2: Analytical considerations1,2
- A standardised protocol has been established, based on published PNH guidelines.
- Appropriate lineage-specific gating strategies (eg CD235a for red blood cells [RBCs], CD15 for granulocytes, CD64 for monocytes) have been selected (see ‘set up’ for 4-colour or 6-colour protocols).

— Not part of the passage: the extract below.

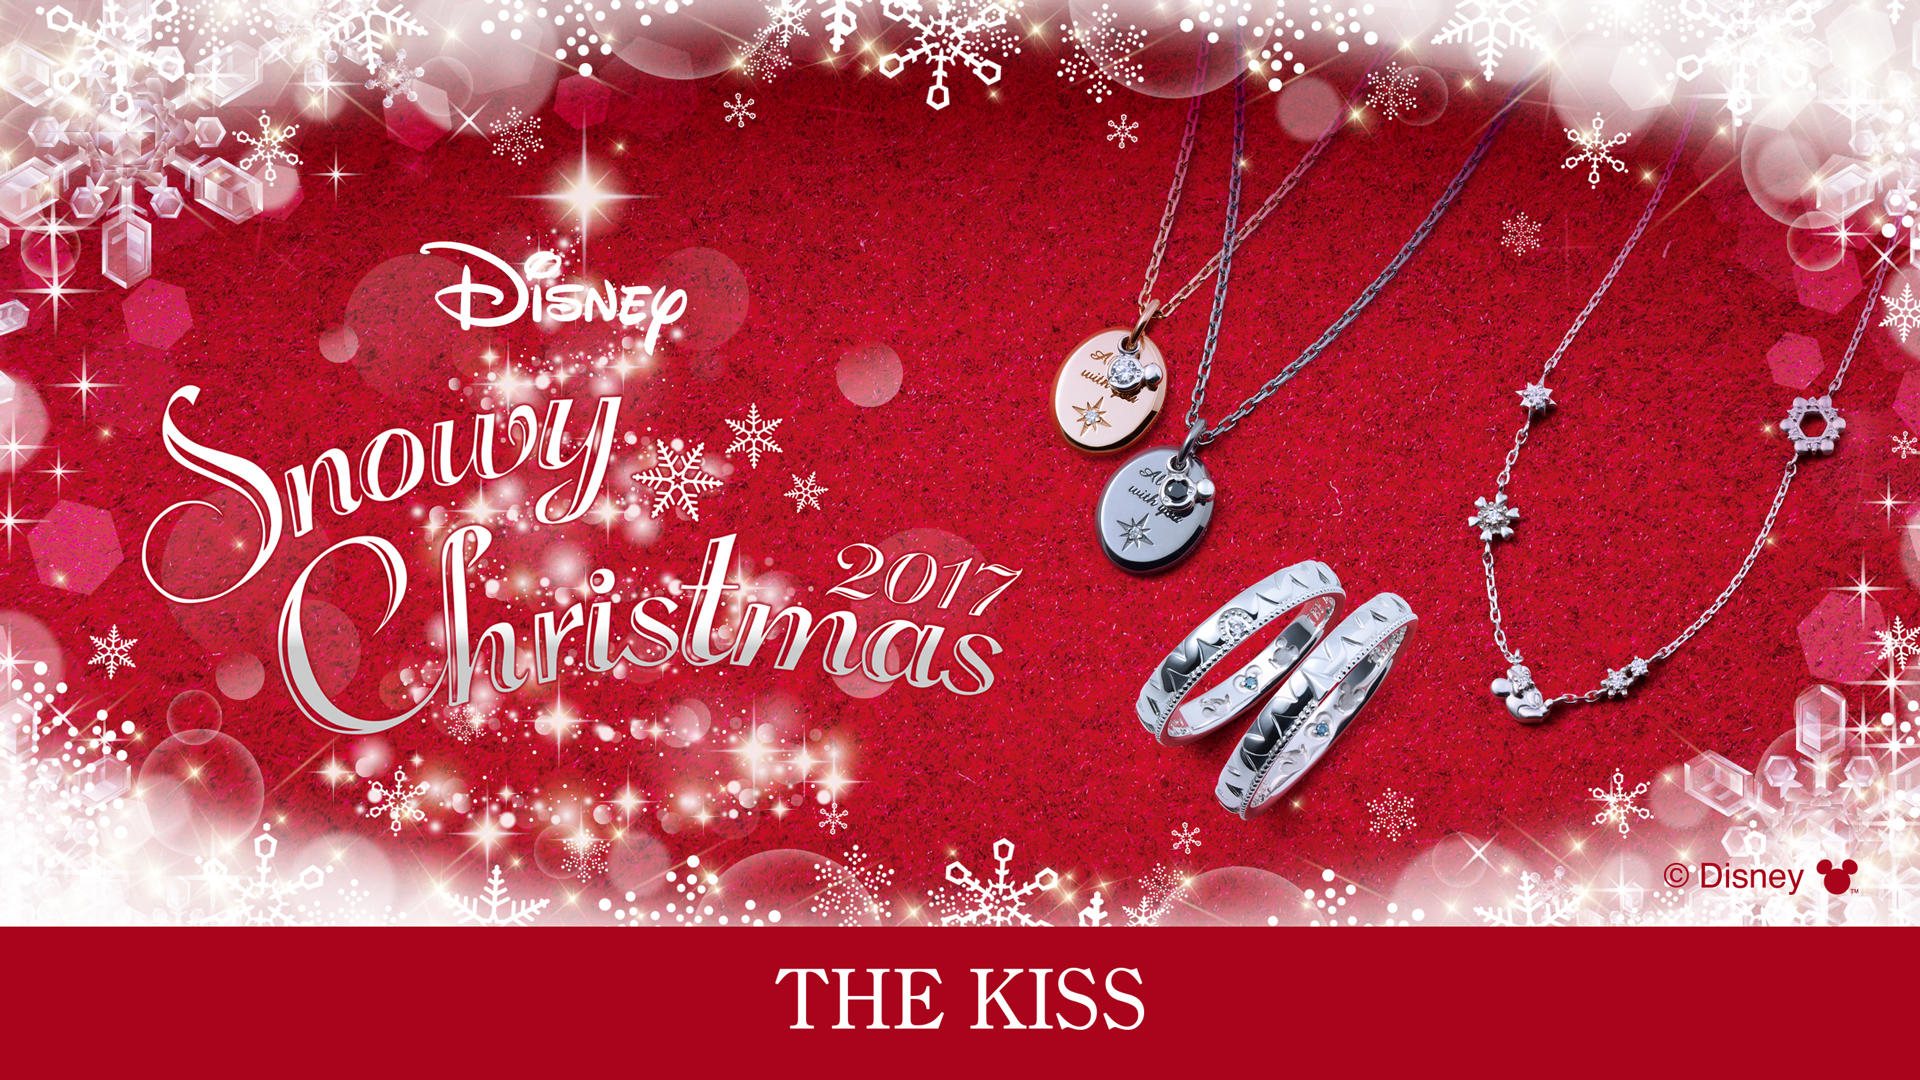 17年 The Kiss ディズニーコレクション クリスマス限定商品発売 The Kiss ザ キッス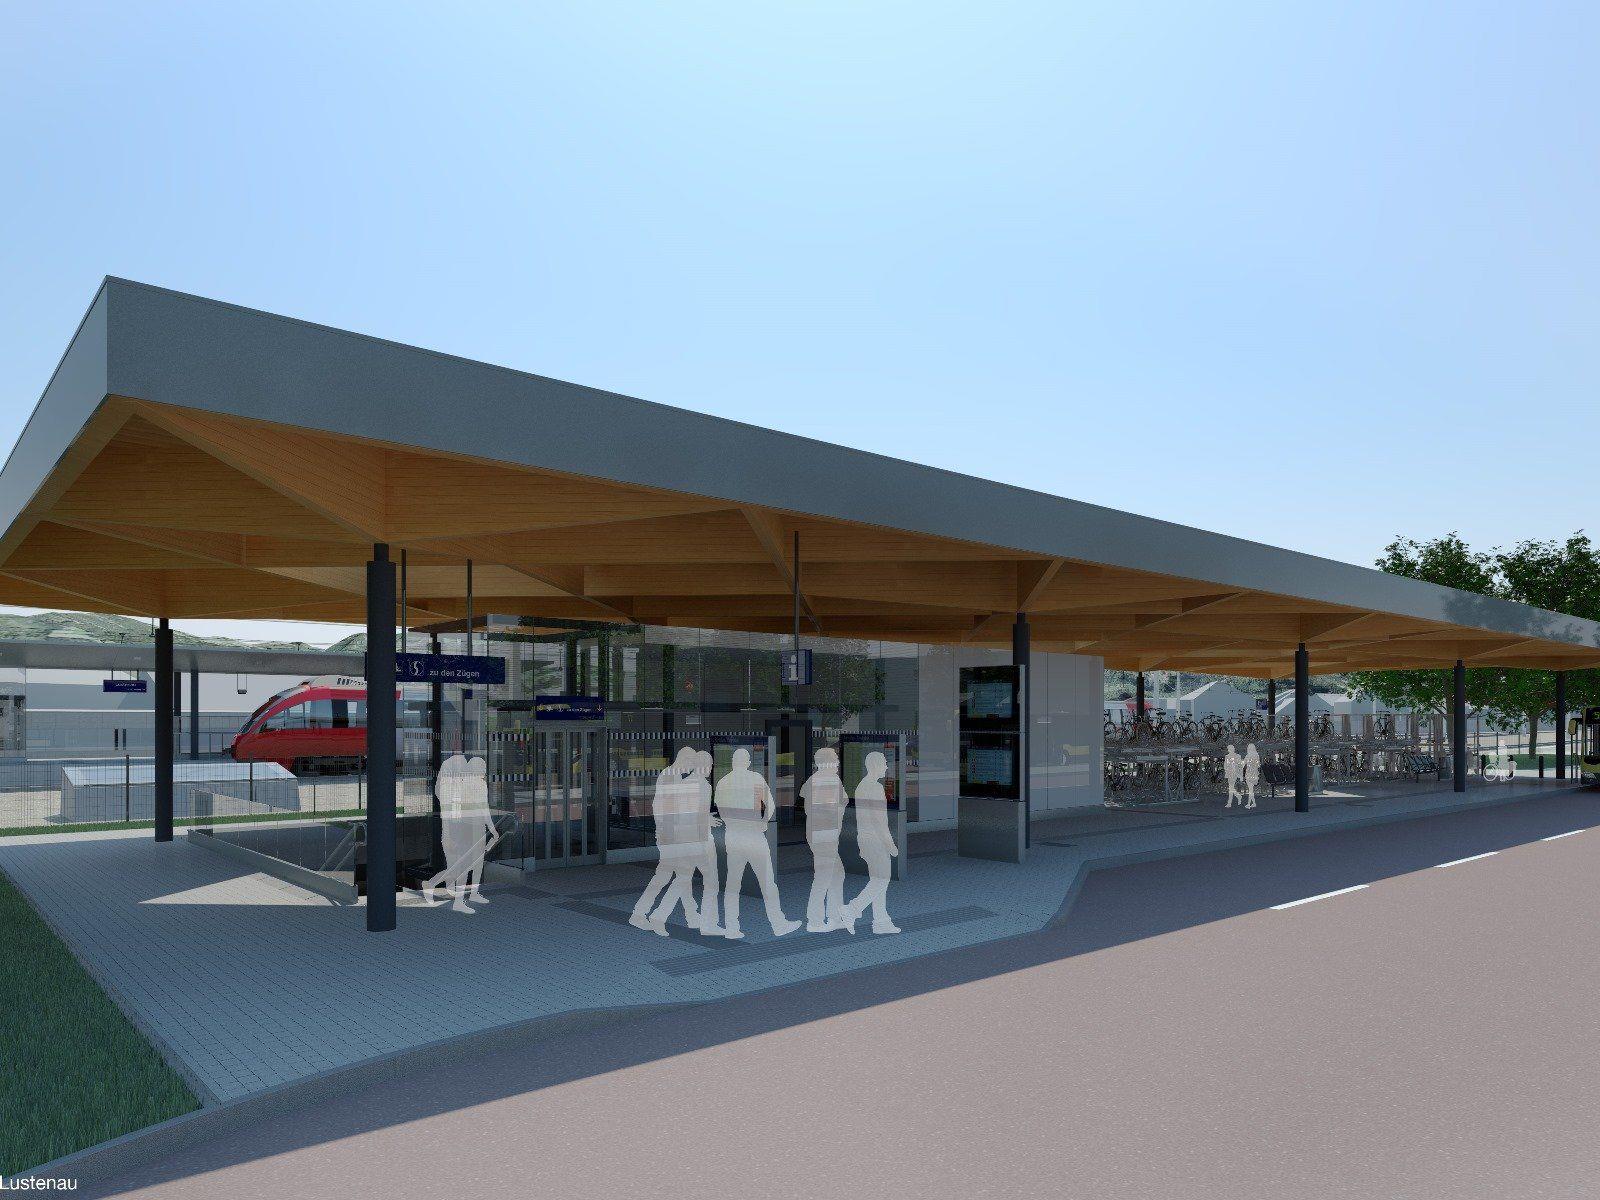 Der neue Bahnhof Lustenau wird als Drehscheibe für Bahn- und Busverkehr konzipiert.

- A suitable number of cells have been acquired in order to verify the presence of a true PNH clone (see ‘stain and acquire’ for 4-colour or 6-colour protocols).
- An assessment has been performed using internal control cells to check reagent and instrument performance.
3: Assay validation and quality control1,2
- The assay has been validated.
- Verification of antibody performance (expected antigen expression on normal blood) [see ‘assay validation’ in 4-colour or 6-colour protocols]
- Verification of ‘clean PNH gate’ (normal samples do not show PNH phenotypes) [see ‘set up’ for 4-colour or 6-colour protocols]
- Verification of PNH populations in the expected location (PNH-positive blood) [see ‘set up’ for 4-colour or 6-colour protocols]
- Spiking experiments to determine assay sensitivity (PNH-positive blood) [see ‘assay validation’ in 4-colour or 6-colour protocols]
- The laboratory has joined a quality-assurance/proficiency-testing programme and exchanged PNH samples with other laboratories.
4: Clear reporting1,2
- The report includes the PNH clone size in RBCs and white blood cells (WBCs; include data for granulocytes and monocytes, if possible) [see ‘report’ in 4-colour or 6-colour protocols].
- Histograms/dot plots are included (see ‘report’ in 4-colour or 6-colour protocols).
- The antibodies tested and assay sensitivity have been specified (see ‘report’ in 4-colour or 6-colour protocols).
- The report does not contain misleading terminology (see ‘report’ in 4-colour or 6-colour protocols).
- Borowitz MJ et al; for Clinical Cytometry Society. Cytometry B Clin Cytom 2010; 78B: 211-230.
- Sutherland DR et al. Cytometry B Clin Cytom 2012; 82B: 195-208.